Fifty women who claim to be sex trafficking survivors are seeking to hold Salesforce liable for their injuries, alleging the software giant helped the now-shuttered Backpage website to facilitate prostitution and sexual exploitation.
The “Jane Doe” plaintiffs in a lawsuit filed in San Francisco said they were sexually exploited through ads posted on Backpage by pimps and traffickers, with Salesforce providing “operational support” through customized enterprise software that it developed for the website.
According to the suit, Salesforce’s customer relationship management (CRM) platform fueled Backpage’s “exponential growth” at a time it was under fire by law enforcement as a “hub of human trafficking.” Backpage pleaded guilty to trafficking charges in Texas in April 2018.
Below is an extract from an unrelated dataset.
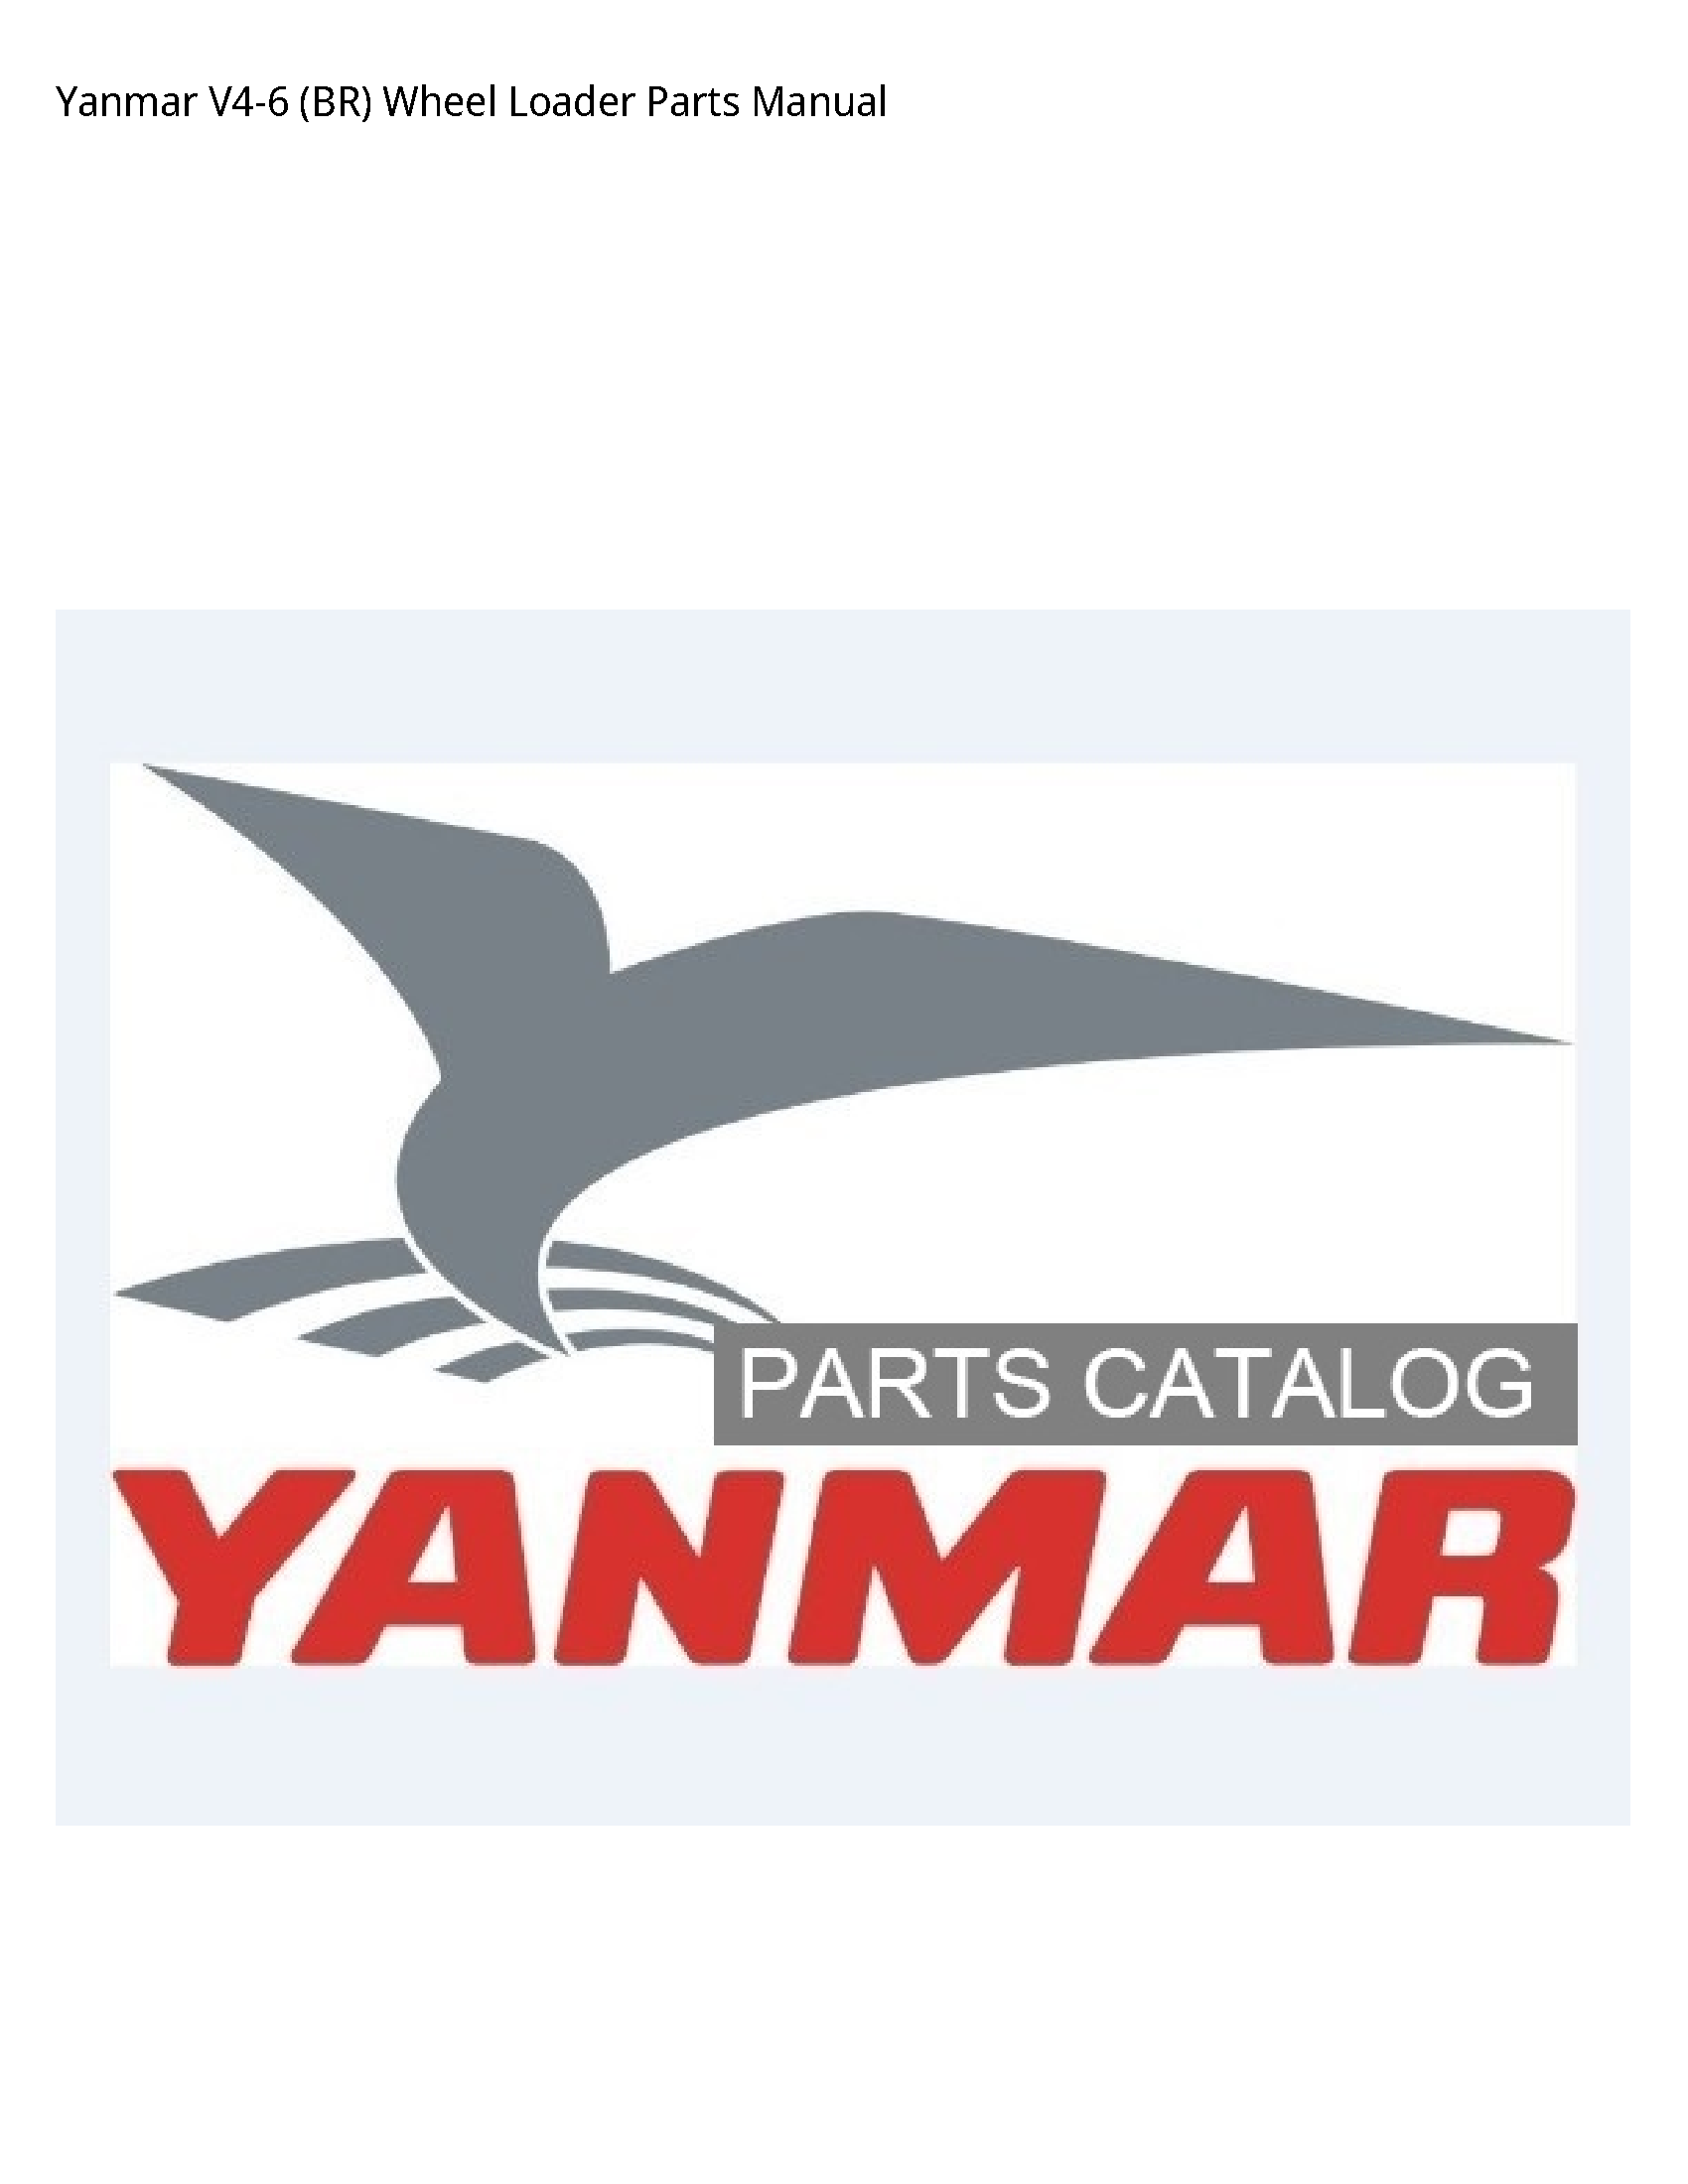 Yanmar V4-6 (BR) Wheel Loader Parts manual

“It is inconceivable that the technologies used world-round to manage customer and marketing databases would be put to the immoral and illegal purposes engineered by Backpage and Salesforce,” the suit says.
The plaintiffs are seeking unspecified damages for violations of the California Trafficking Victims Protection Act, negligence, and conspiracy.
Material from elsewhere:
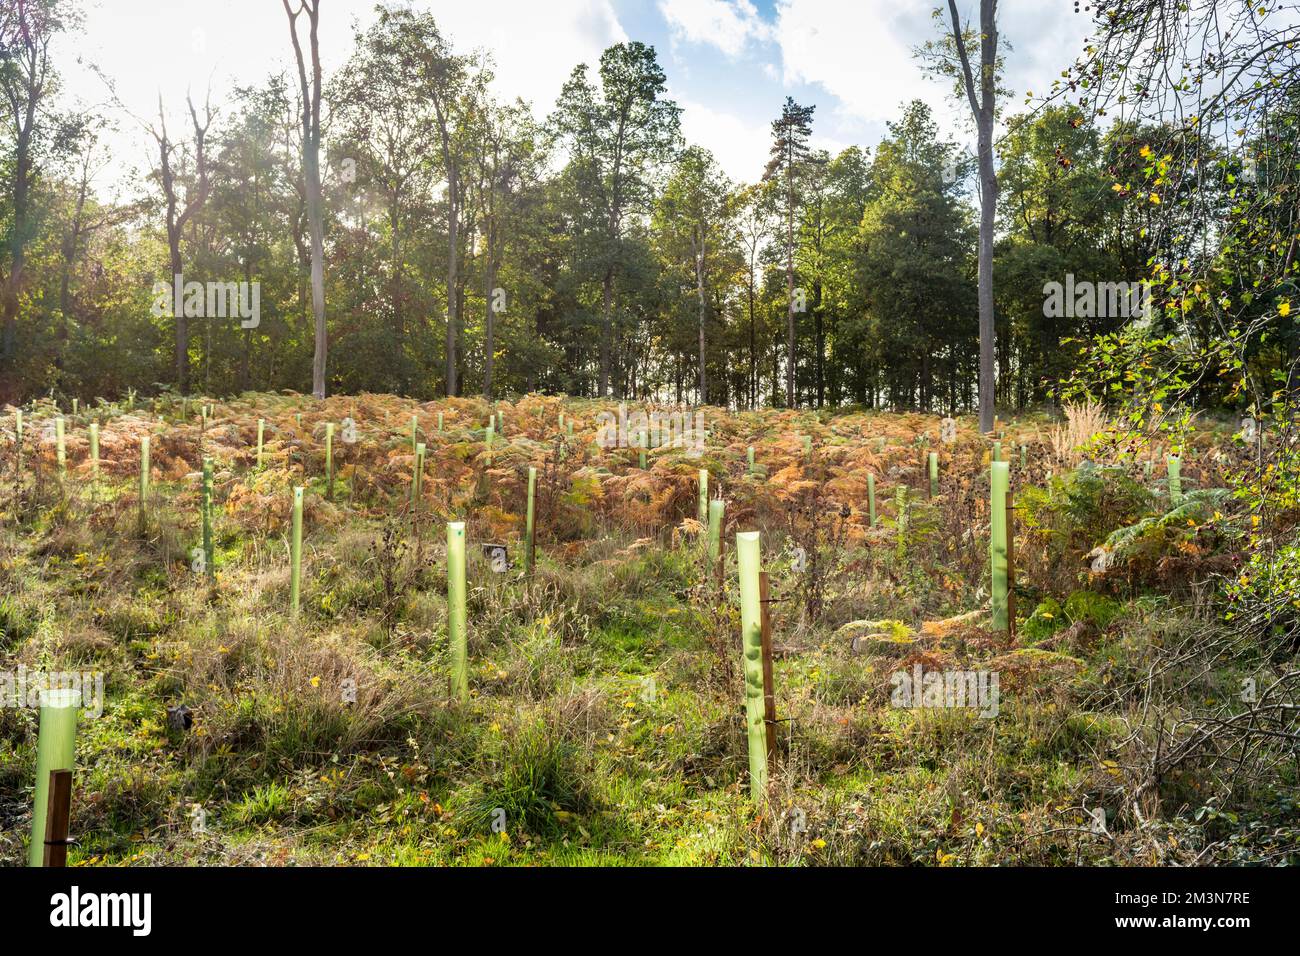 Pflanzen von Bäumen, jungen Sapling Bäumen, die in einer Waldlude oder einem Wald wachsen. Wiederaufforstung und Umwelt, England, Vereinigtes Königreich Stockfoto

A Salesforce spokesperson said the company doesn’t comment on pending litigation, but added, “We are deeply committed to the ethical and humane use of our products and take these allegations seriously.”
The company, which has a market valuation of more than $120 billion, is a leading provider of “software-as-a-service” tools that enterprises use to acquire and retain customers. According to the suit, it has publicly “boasted about fighting human trafficking using data tools” but in 2013 began working with Backpage on a customized CRM platform.
“With Salesforce’s guidance, Backpage was able to use Salesforce’s tooks to market to new ‘users’ — that is, pimps, johns, and traffickers — on three continents” and remarket to customers who had been underusing its trafficking services, the suit says.
Among other things, the software allegedly automatically generated “insights into traffickers’ and pimps’ purchasing habits” and managed “a secure cloud storage database for Backpage to store (and secure) the unspeakable details of its sex trafficking business.”
The suit says Salesforce “reaped profits” as Backpage grew and its “need for additional Salesforce licenses kept increasing.”